The week the iPad went on sale in Britain, the first person I met who owned one was publisher Michael Mack. Before setting up his own company in 2010, Mack had been managing director of Steidl, the German publisher that had come to dominate the market in specialist art and photography books and set a new standard in production quality. The iPad had brought a gleam to his eye. By 2011 he had two companies, MACK Books and MAPP editions, the second to publish visual eBooks, downloadable as apps. He thought this would be the future but, talking now, acknowledges that almost the opposite has been the case.

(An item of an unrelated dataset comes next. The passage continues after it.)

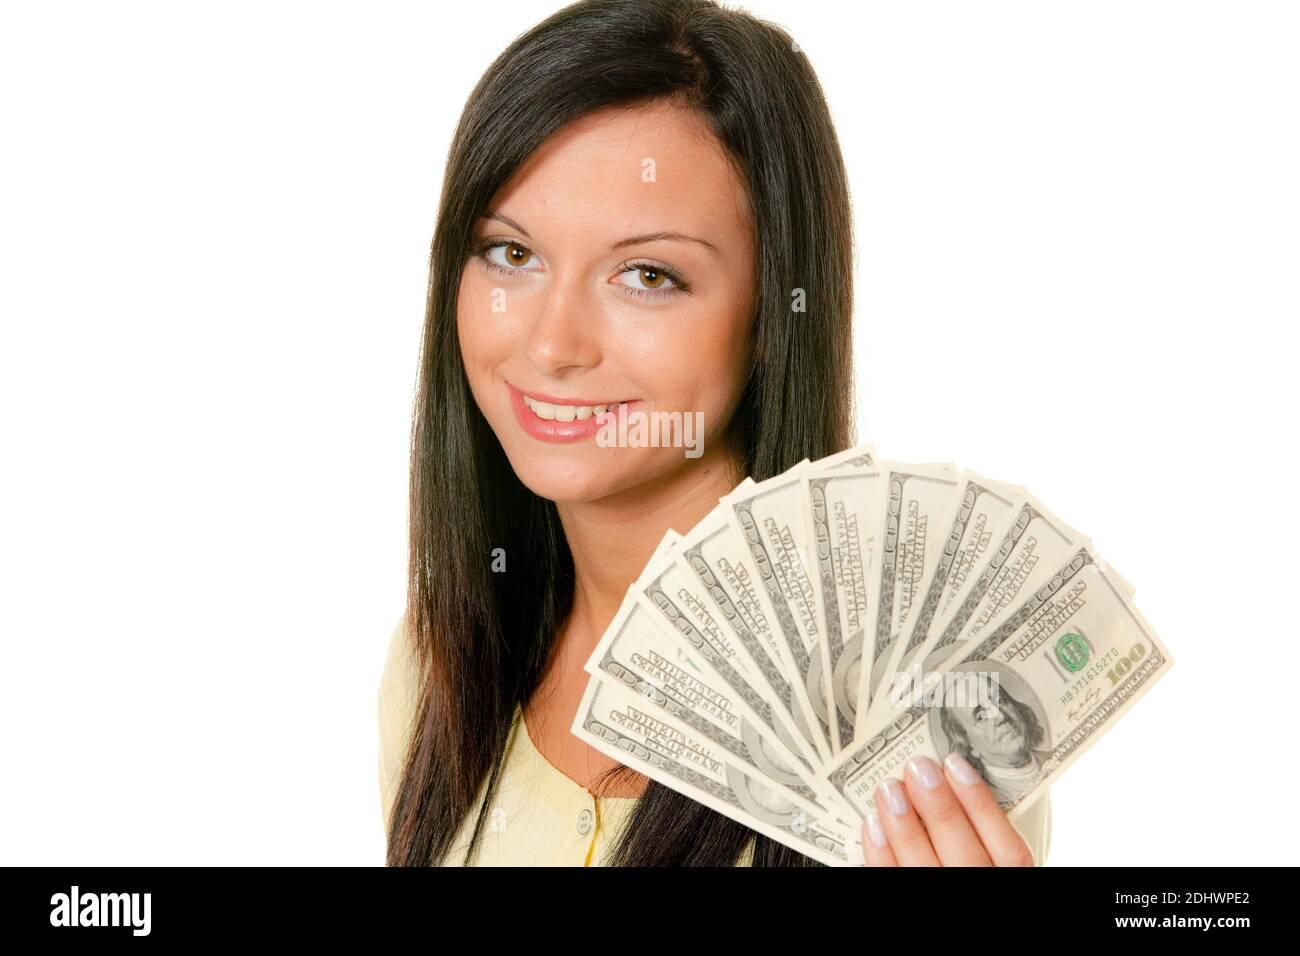 Junge Frau mit einem Bündel US-Dollars in der Hand Stock Photo

“You’re right. I put a lot of my working time into the digital possibilities. But what I came to realise is that where our market was expanding most, for MACK, was in the really young students, who were supposedly digital natives. They’re the ones — because their world is completely digital — who love the physical photobook, the physical art book, the art object,” he says, comparing it to the comeback of vinyl records.

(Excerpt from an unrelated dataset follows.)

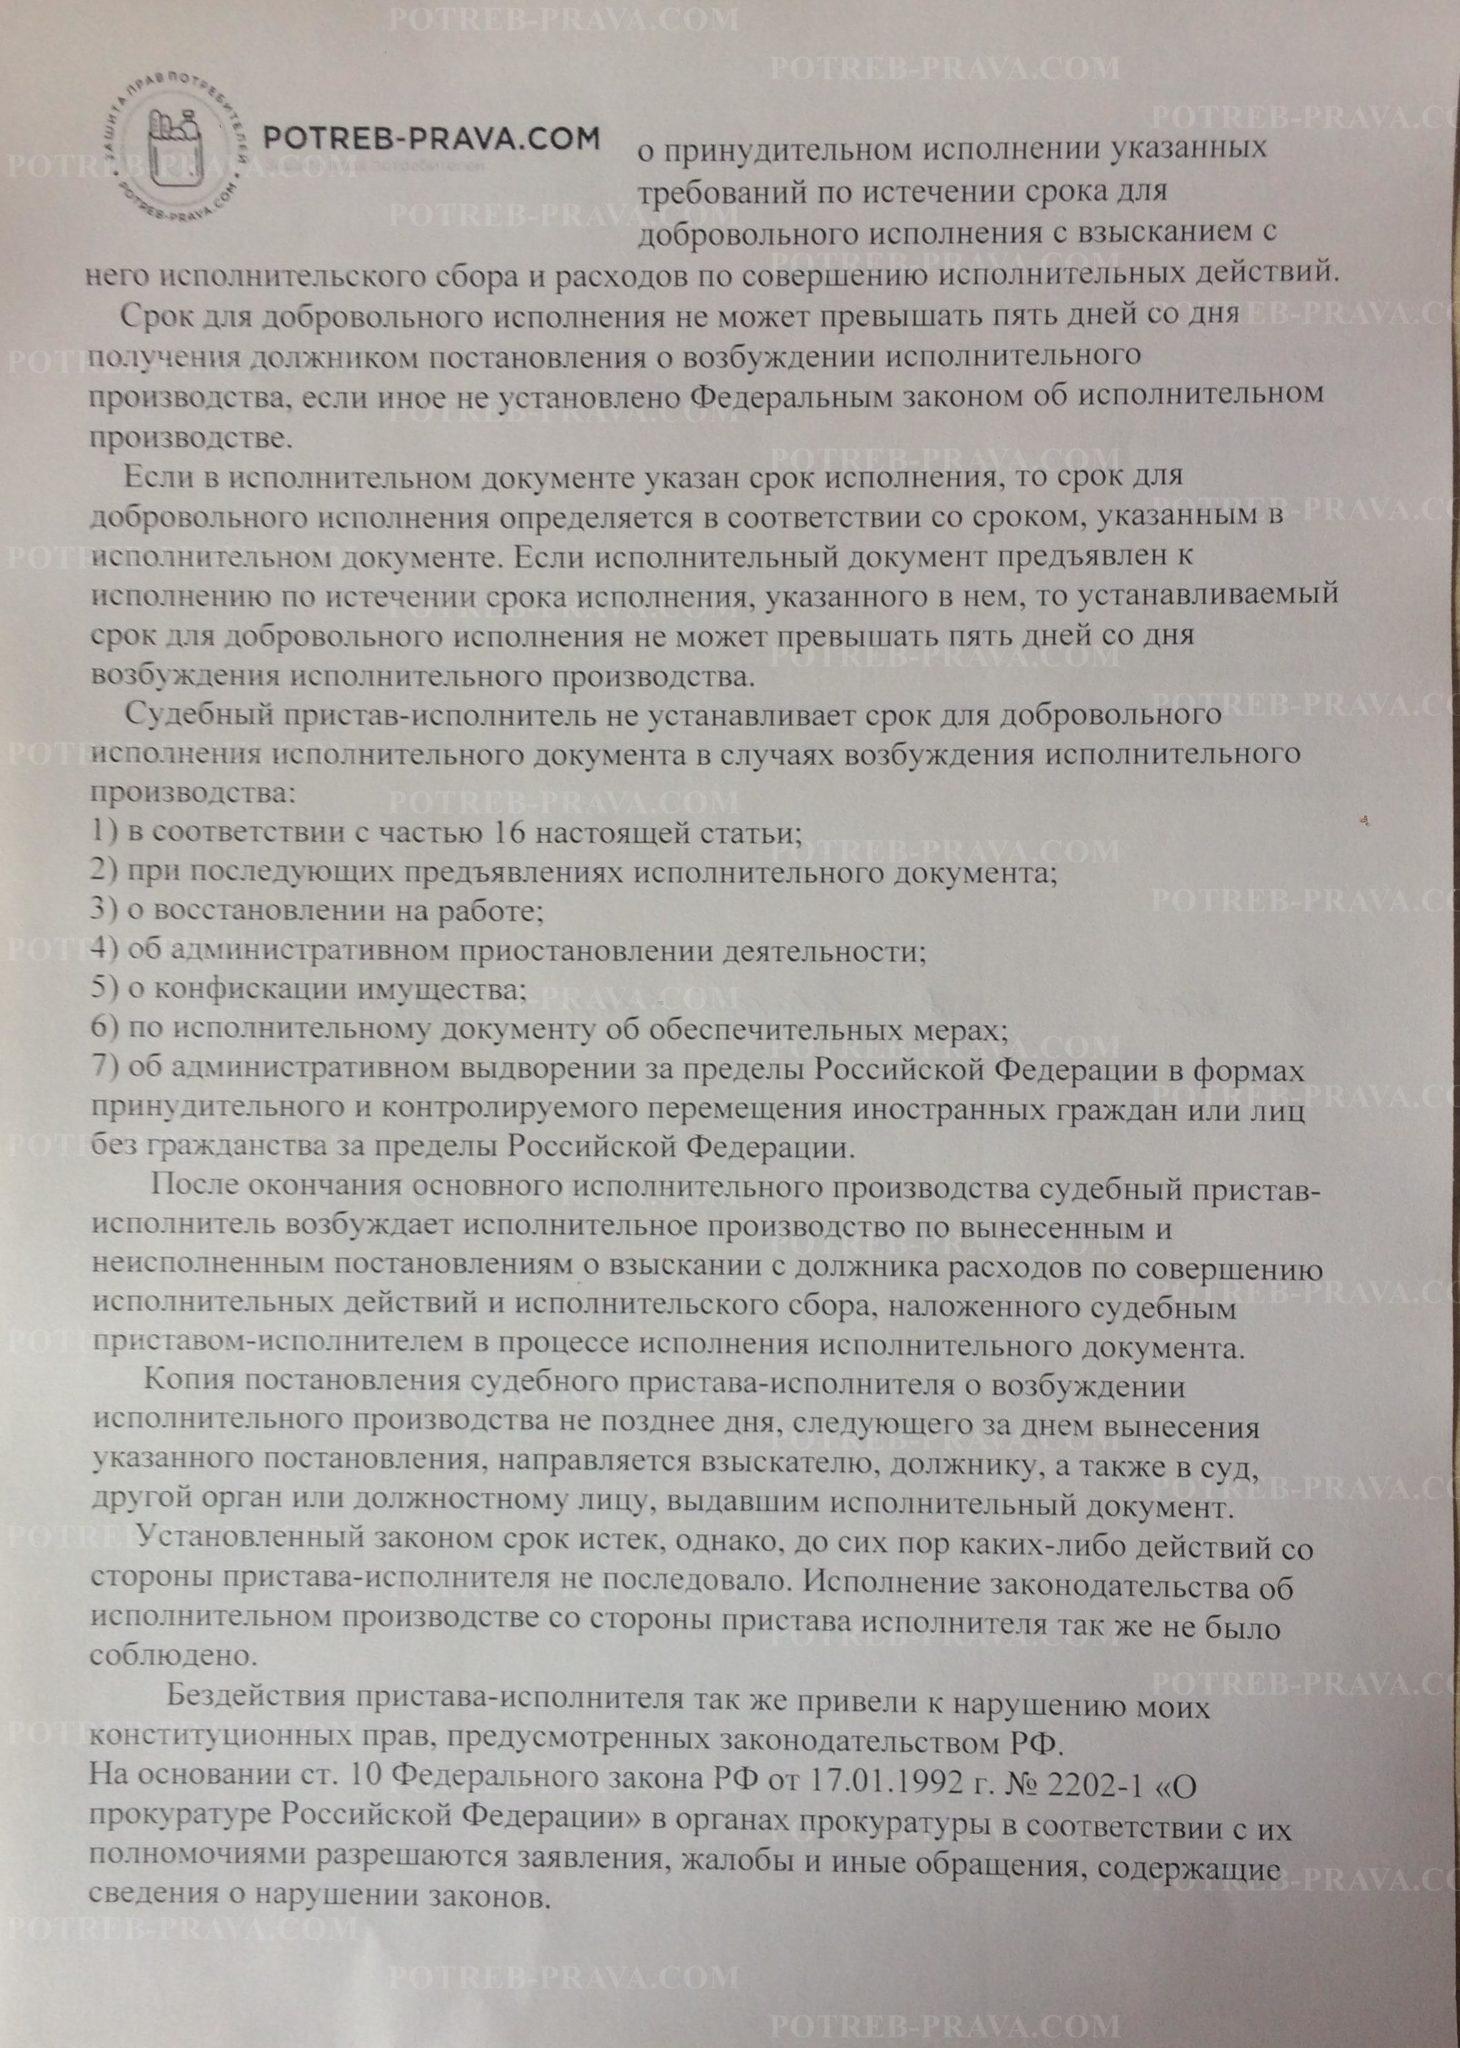 Пример заполнения жалобы на судебного пристава исполнителя за бездействие (3)

His digital company is, he says, still very much a work-in-progress. “We just haven’t come to the solution on it but it’s still got a heartbeat, and we’ll continue to maintain it. Basically, I think we were a bit ahead of the wave.”

While his titles have artisan qualities in their design and production, Mack’s ambitions go far beyond limited editions. His aim is to build a self-sustaining company that delivers online and retail sales more efficiently, replacing the old business models more or less destroyed by Amazon’s massive discounting, which has left publishers and retailers unable to compete. “I’m interested in publishing a very curated list of books. In a sense it’s more like a gallery, choosing works you believe in, but also, importantly, that you think you can sell; you can build an audience out of the books you make.”

He praises the “wonderful creativity” of photobook publishing today but fears that the boom will turn out to be a bubble. “It’s self-sustaining in terms of sales — there may be 500 people around the world who all know what’s being published; they all buy a copy and that’s the print run. In practical terms, there is no way you can print a thousand copies and make a return on it unless you’re pricing it ridiculously high. So, commercially, I don’t understand what is underpinning and sustaining these projects.”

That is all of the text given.